Skip to content

Byzantine service — wrong answers and wire corruption

What this teaches: a Byzantine node doesn't just fail silently — it actively sends wrong data. AdversarialNode models a service that lies; NetworkModel(mutate=...) models a network that corrupts payloads in transit. Both are seeded and deterministic.

Byzantine faults

A crash-stop failure is clean — the node goes silent. A Byzantine failure is worse: the node remains active and sends plausible-looking but incorrect responses (Castro & Liskov, OSDI 1999).

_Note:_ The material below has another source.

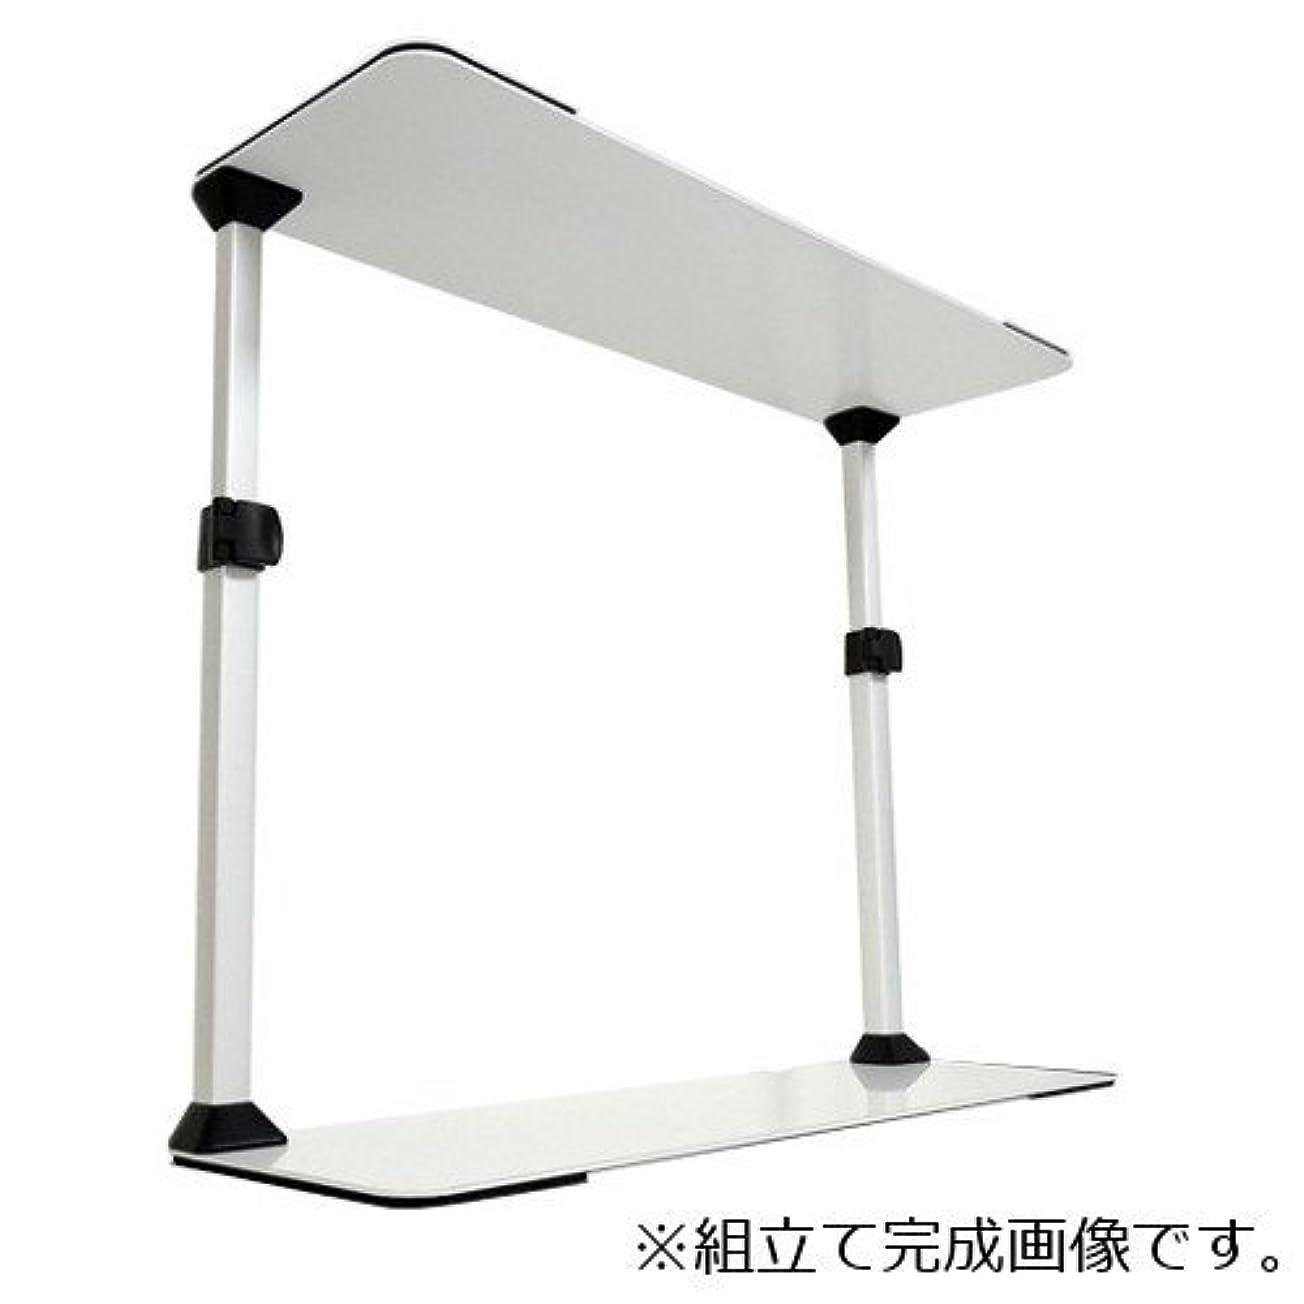 モルヒネエネルギー普遍的な家具転倒防止器具S QD02-S-M白 キューディフェンス ver.2 (M)

Real-world examples include corrupted disk sectors returning wrong checksums, load balancers that return stale cache entries, and misconfigured services that respond with data from the wrong tenant.

Scenario 1: wrong-answer injection (AdversarialNode)

An AdversarialNode receives the "query" and always responds with _BAD_VALUE = -1 instead of the expected 42.

Without validation — the client accepts whatever it receives:

Without validation: SimFailure(kind=liveness, ...)   ← accepted wrong value

With validation — the client checks payload == _EXPECTED_VALUE and rejects anything else:

With validation: SimReport(ok=True, ...)   ← bad value rejected on all seeds

The validation guard is the boundary check: trust nothing arriving from an external service.

Scenario 2: wire-level payload corruption (NetworkModel.mutate)

NetworkModel(mutate=_corrupt_int_to_string) intercepts every message and converts integer payloads to strings. The HonestService sends the right value; the network corrupts it before delivery. The StrictClient crashes when it receives a non-integer:

def _corrupt_int_to_string(_src, _dst, payload):
    if isinstance(payload, int):
        return f"corrupted:{payload}"
    return payload
Clean network:      SimReport(ok=True)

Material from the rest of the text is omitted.